The deal sees Celgene pay $100 million up front, alongside buying $50 million in shares of Prothena, with milestone payments on the three drugs potentially racking up to a total payment of $2.2 billion.

Whether Prothena will see anything of this money depends on how well each clinical candidate performs in Phase 1 trials.

The neuroscience area has not been blessed with a huge amount of good news of late, with Pfizer pulling out of the space and a raft of Alzheimer’s drugs flopping. Celgene backing the area as a long-term investment is welcome news, particularly in regards to Alzheimer’s research, with fears it could begin to flag after so many failures.

One of the candidates is a protein that targets tau. The build-up of tau protein in the brain is one hypothesis about how best to treat the degeneration linked with Alzheimer’s disease.

Prothena commented in the press release that it has “identified antibodies targeting novel epitopes on the tau protein with the ability to block misfolded tau from binding to cells and to inhibit cell-to-cell transmission, preventing downstream functional toxic effects.”

This could be of huge interest, after a number of the other major alterantive hypothesis, amyloid-targeting Alzheimer’s treatments, failed to show efficacy in trials.

The other named target was the protein, TDP-43, which is associated with amytrophic lateral sclerosis and dementia. There is one other protein that Prothena has chosen not to name as being a target, though this is still within the neuroscience space.

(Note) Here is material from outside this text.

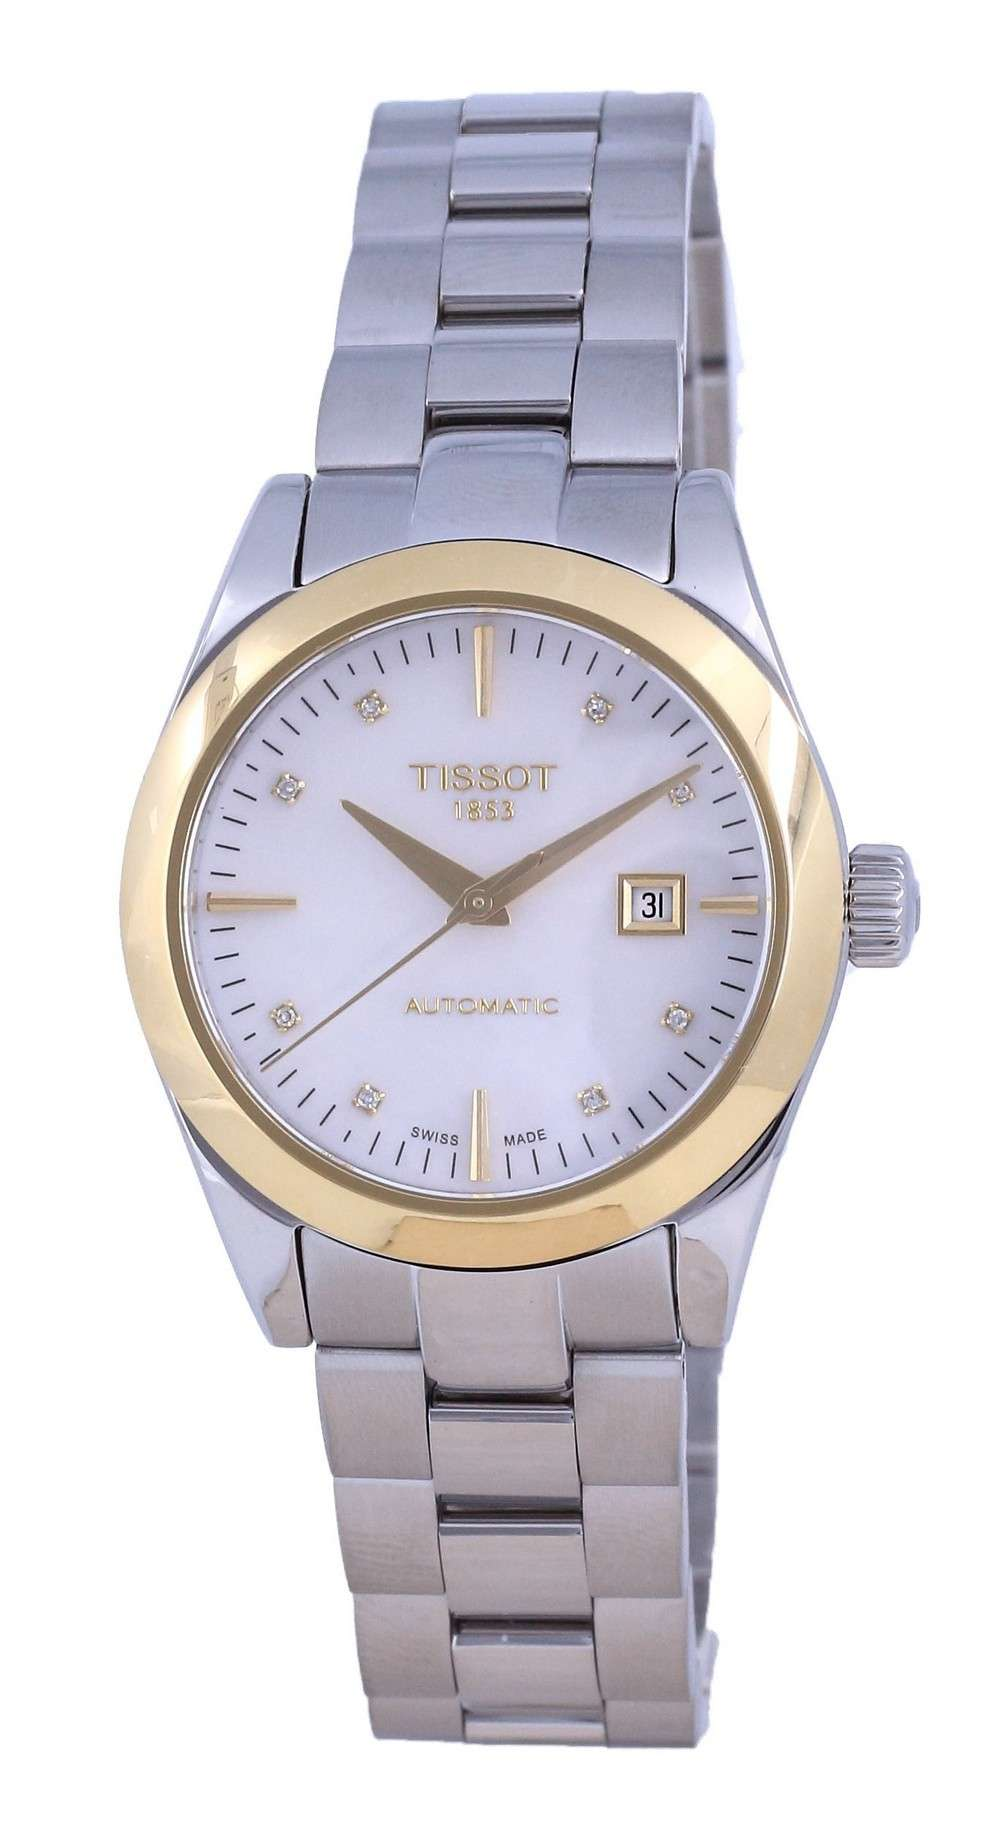 Tissot T-Gold T-My Lady 18K Gold Diamond Acentos Automático T930.007.41.116.00 T9300074111600 Reloj para mujer
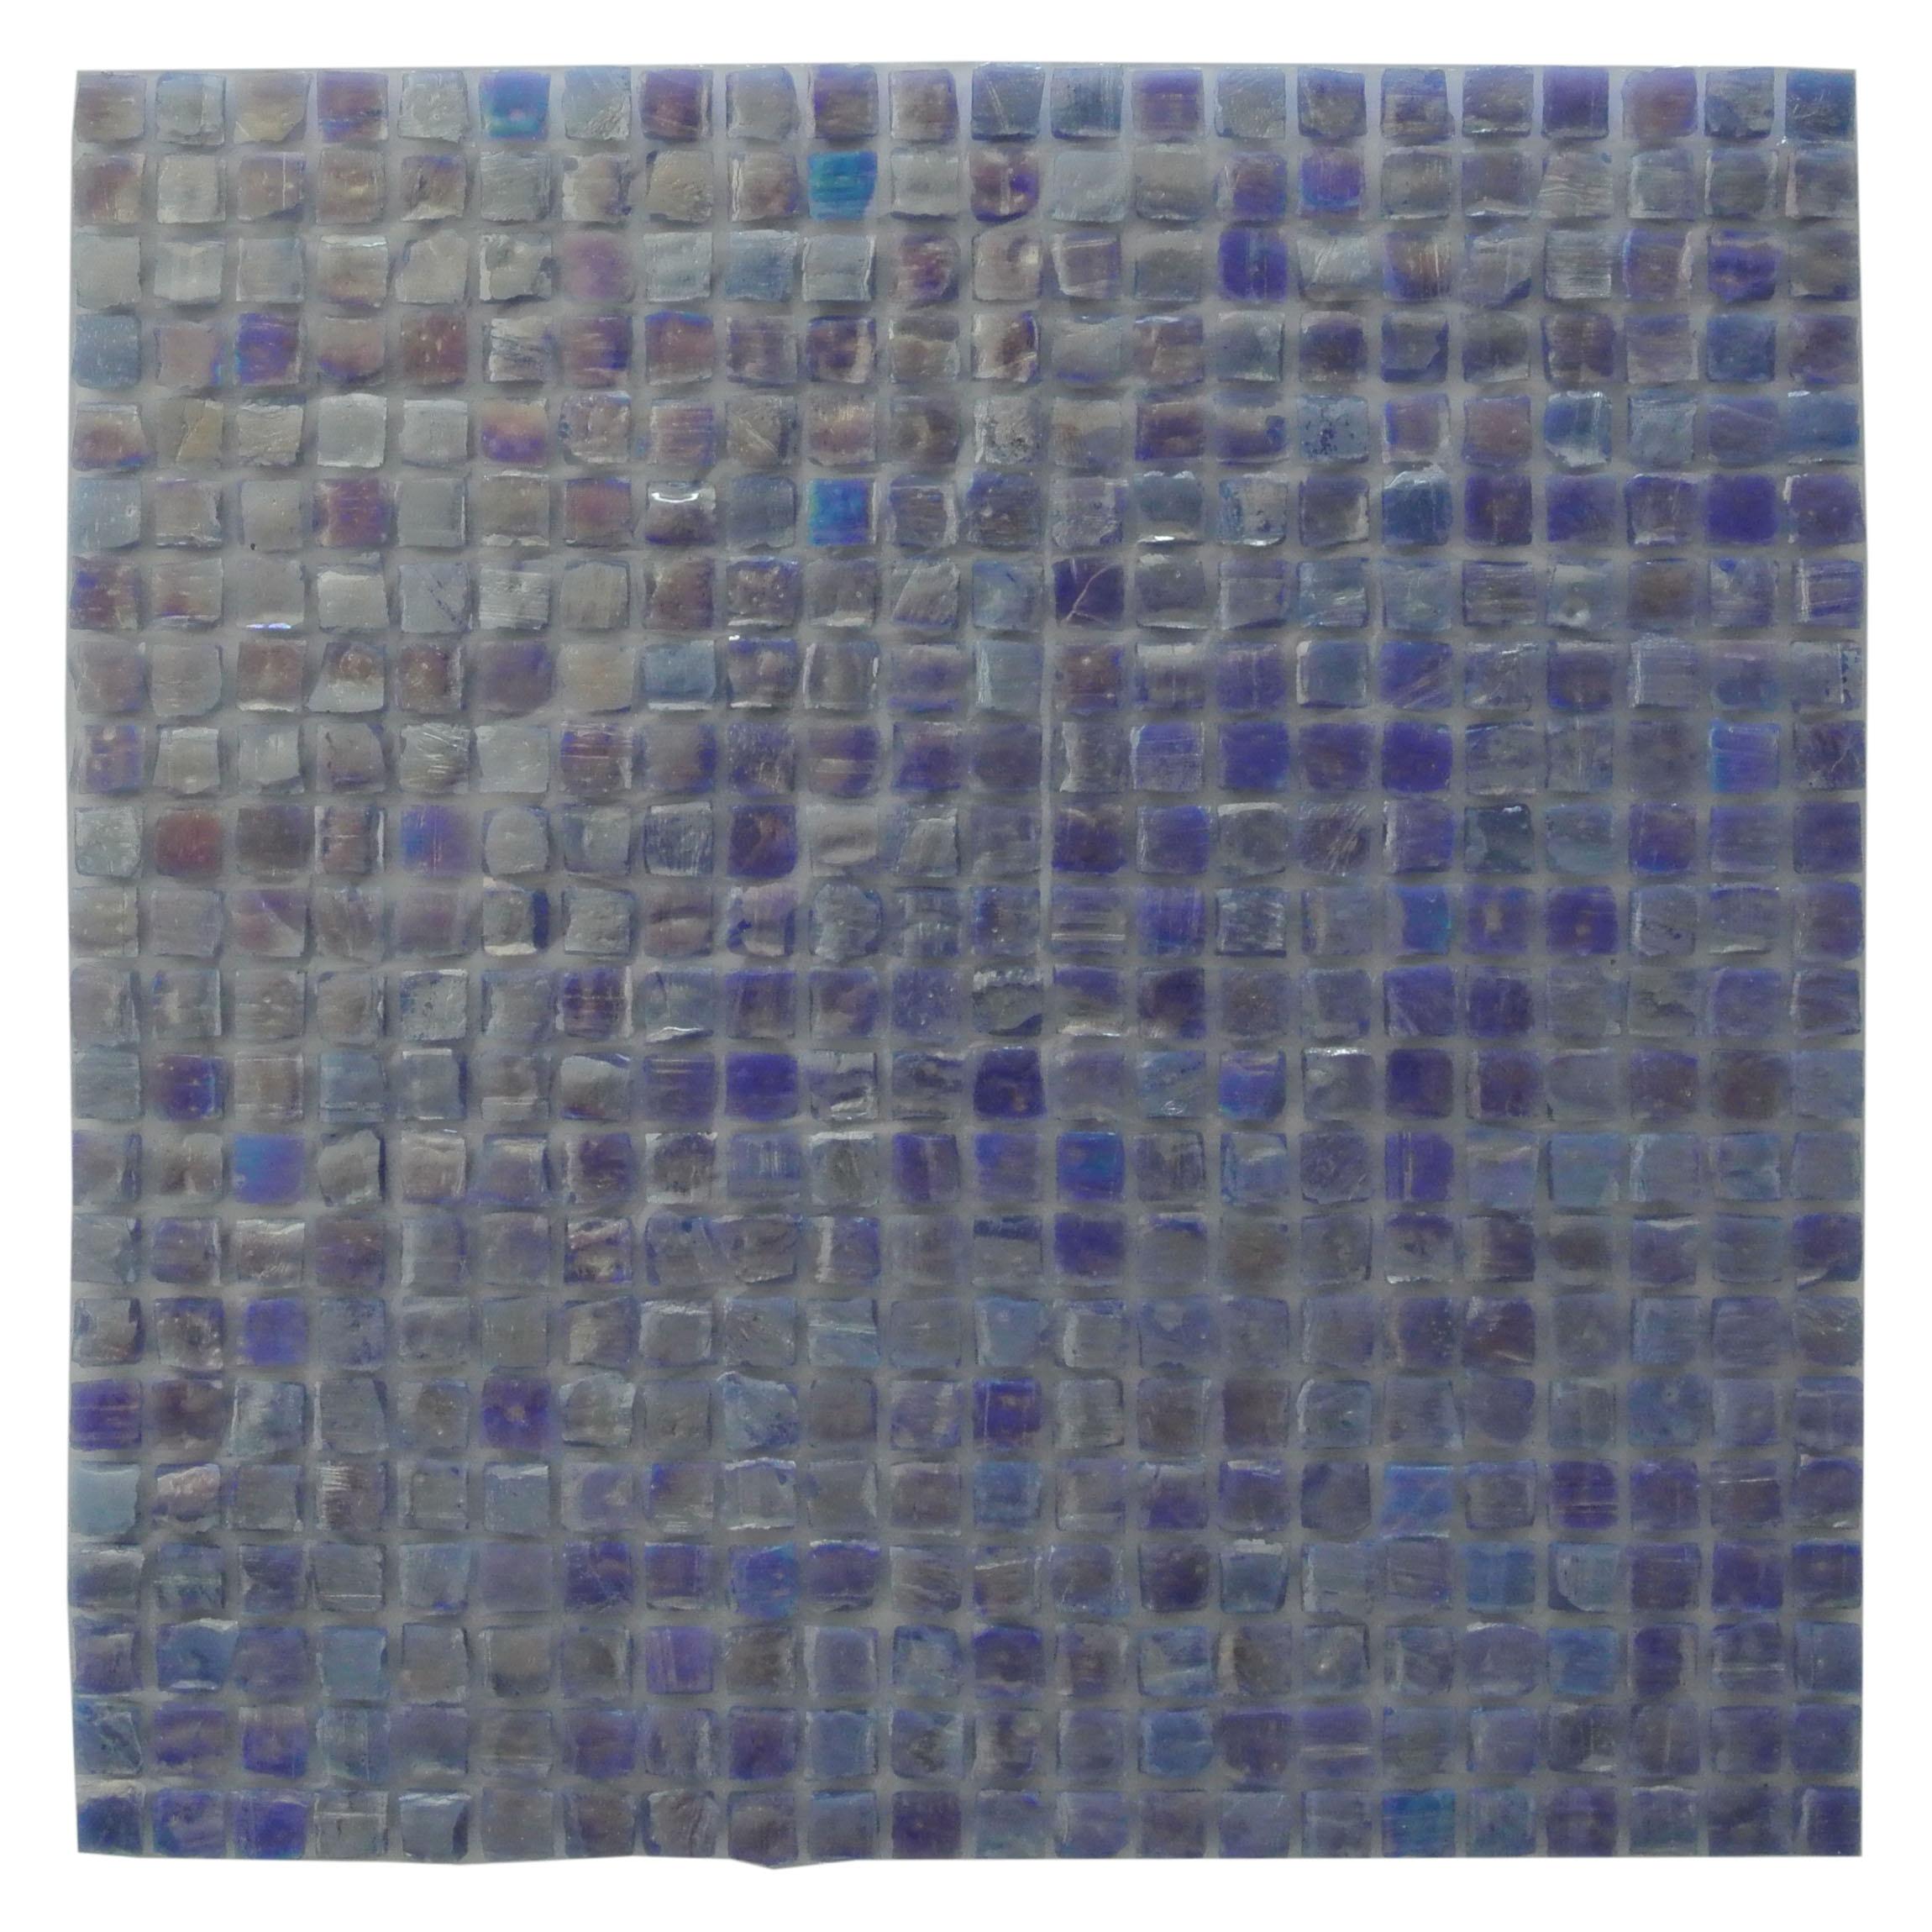 "Ecologic 0.375"" x 0.375"" Glossy Purple Glass Square Backsplash Mosaic Wall Tile"

“Prothena has a legacy of innovation in neuroscience and a team with a deep understanding of biological approaches that target protein misfolding disorders. Our collaboration leverages each company’s core expertise in protein homeostasis and protein clearance to target proteins that are the underlying cause of many neurodegenerative and orphan diseases. The programs we have chosen to collaborate on have the potential to provide foundational assets from which we can build new therapeutic approaches to these currently untreatable neurological disorders” said Richard Hargreaves, PhD, Corporate Vice President Neuroscience and Imaging for Celgene.

Should Celgene choose to take any of these candidates further than Phase 1, it will be responsible for all global clinical development and commercialisation. Prothena will, in return, receive $80 million per candidate picked up.